If Spinoza, or some other philosopher, is quite popular now, it is because the diagrammatics of the system speak to the requirements of the Age. Plato’s rediscovery in the Renaissance was part of the productivity of the Renaissance. Ficino’s Plato, newly in translation, spoke to the political and ideational needs of the time, much as Arabic Aristotle did in the Middle Ages. When one looks to a philosopher who spreads epidemic across schools of thought, instead of rebelling out of sheer rejection of the “fashion”, if one truly objects, one should look to the reasons why the philosopher has such traction in that Age (why Spinoza now?), and then go about addressing that traction in even better ways. 

And lastly, if one is going to say something like, “Spinoza needs to be reversed!,” I’m unsure that it would be the case that such a lecture “doesn’t go over well” in the way that Graham seems to be suggesting. The “reversal” that he did suggest struck me as a rather over-simplicistic one. Instead of Spock we need passion (or a synthesis). Hmmm. As I’ved tried to point out, the life of Spinoza was not an unenriched life, one which in anyway seems to correspond to just what it is that Graham is attempting to reverse. It is rather an imcomprension on my part as to what it would mean to “reverse” Spinoza. One wonders, is Spinoza reversed if quantum mechanics are shown to be undetermined in the sense that he meant universal determination? I can’t say that this is the case. One could say that the deepest “reversal” of Spinoza occurred through Deleuze’s affect-rich, emotionally charged appr0priation of him (some people find not a hint of Spinoza remaining). Far from Canonizing Spinoza, Deleuze ripped him right off the alterpiece where he had been gathering much dust).

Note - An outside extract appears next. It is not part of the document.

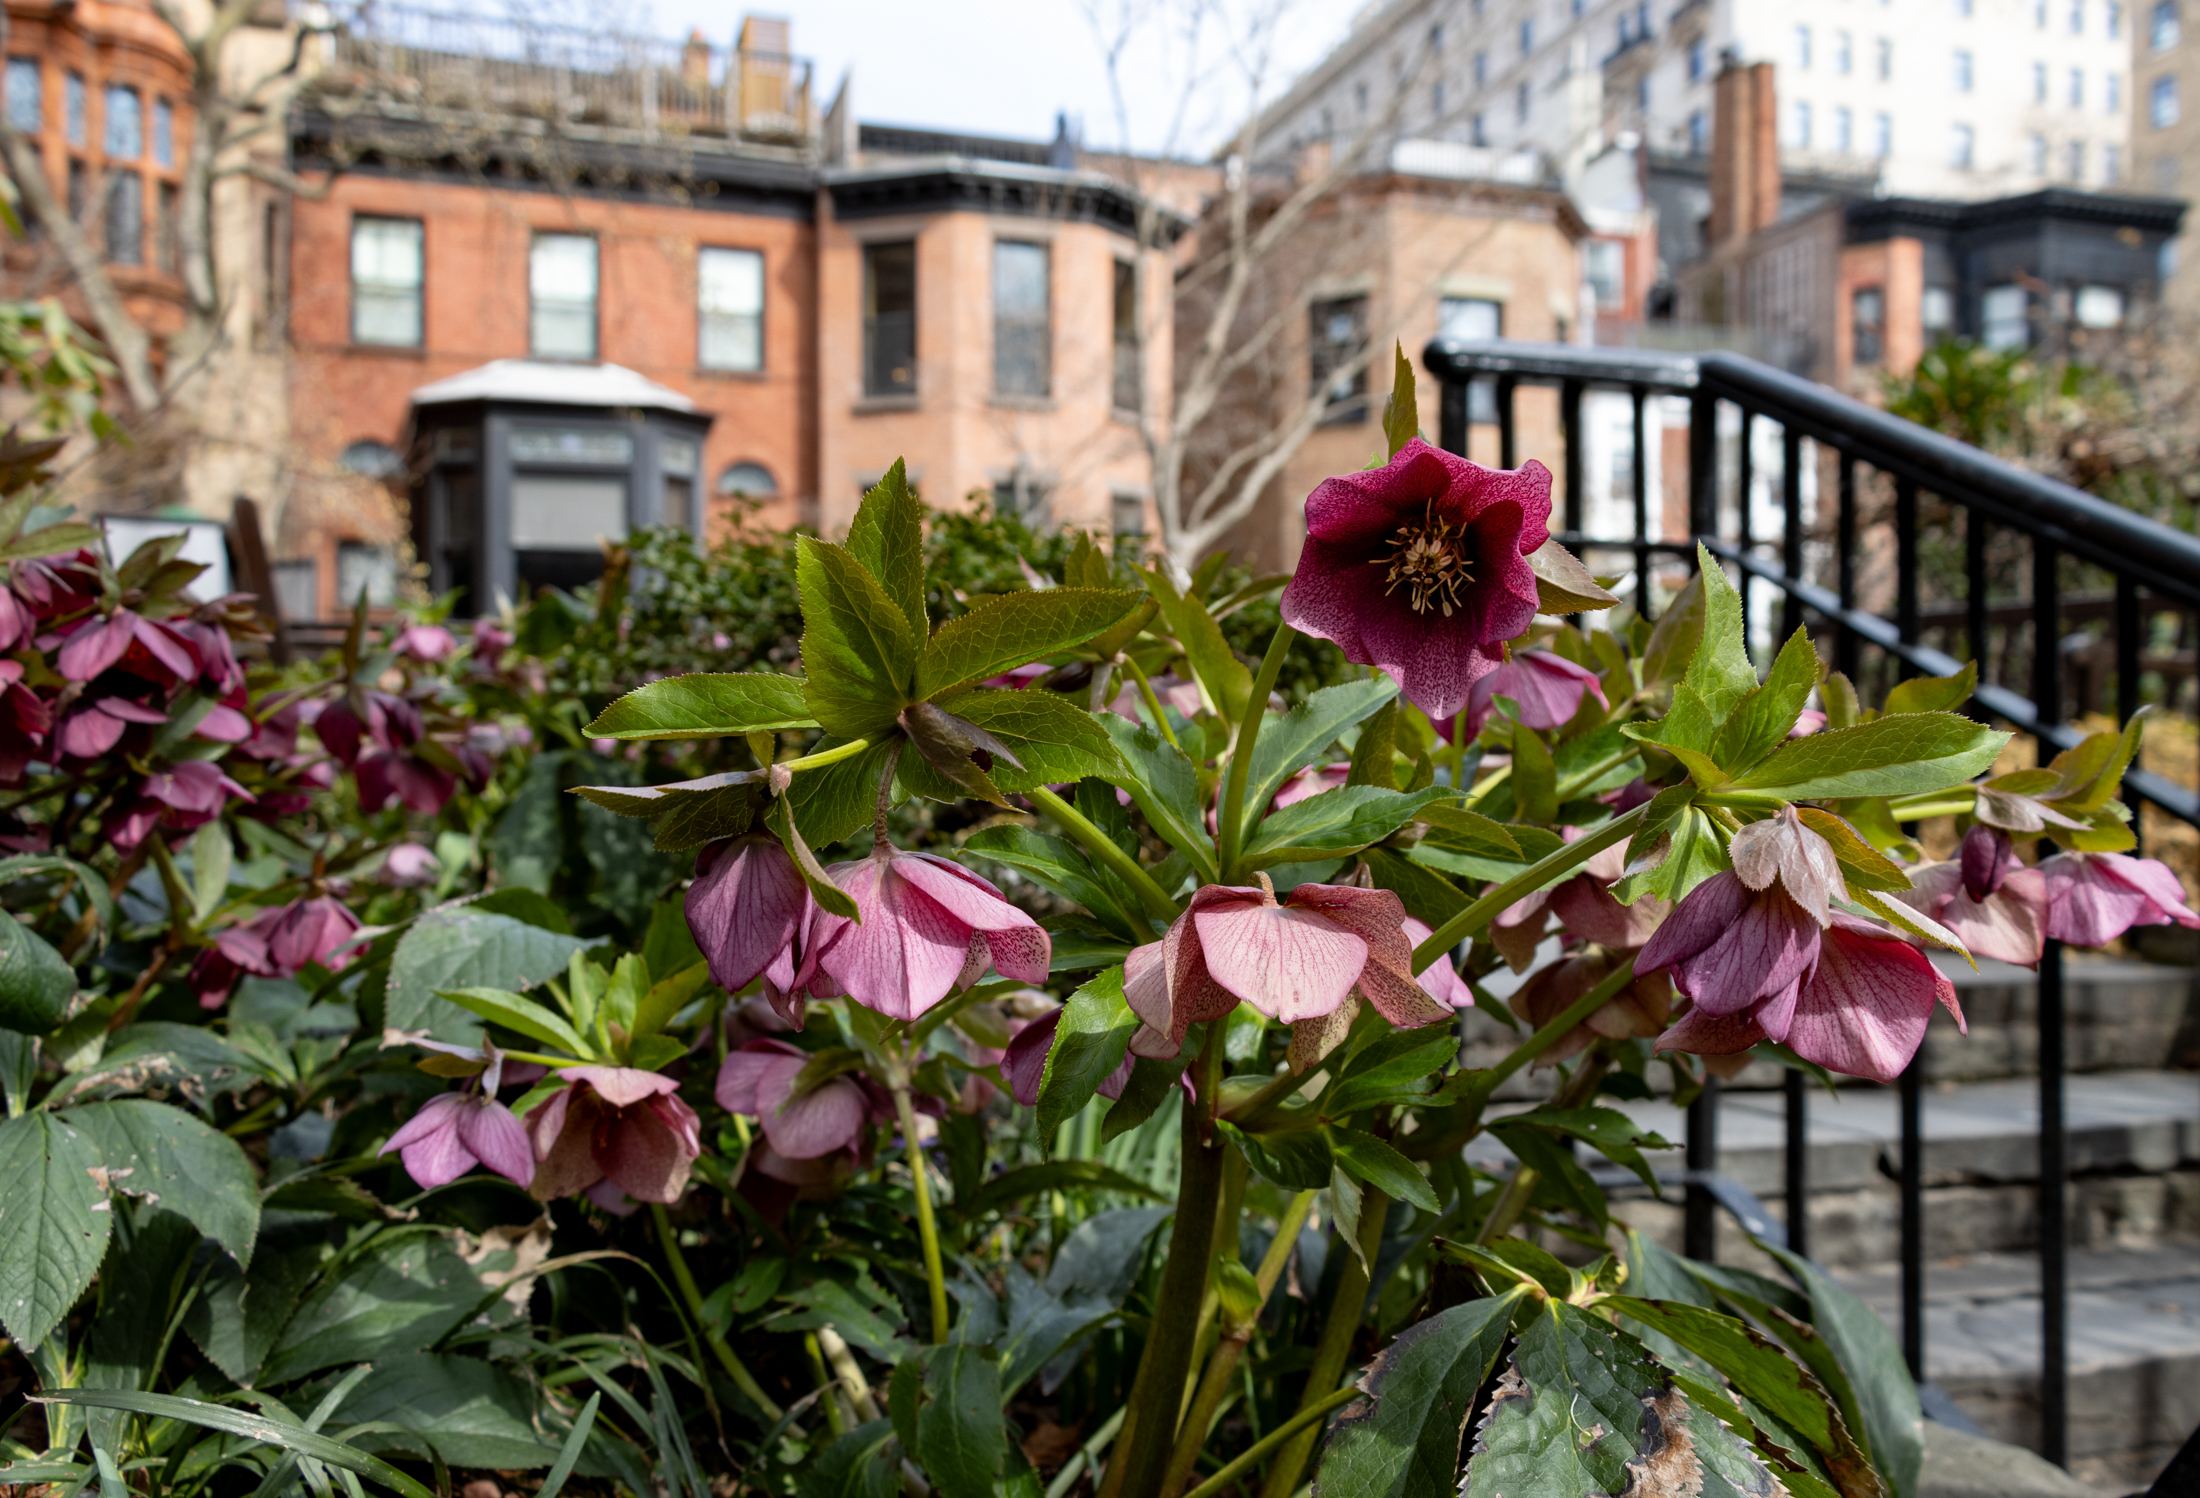 brooklyn - pink hellebores blooming in a garden on grace court

Aside from all this, I do believe that there is a Coldness in Spinoza, but I don’t think it is the Coldness of a life lived coldly, detachedly. It is, as Deleuze I believed, a Cold Wind. A Cold Wind is tremendously affective, it is bracing. If you are to “reverse” Spinoza, one would have to reverse his Cold Wind, the effect of reading him. And I’m not quite sure what that would fully mean. Is Antarctica really the reverse of a desert? Or the reverse of the Artic? Or the reverse of a well-stocked, leather-chaired library, a cozy fire, and a pipe? Thinking too much in binaries is the plague of philosophy (perhaps something we should reverse).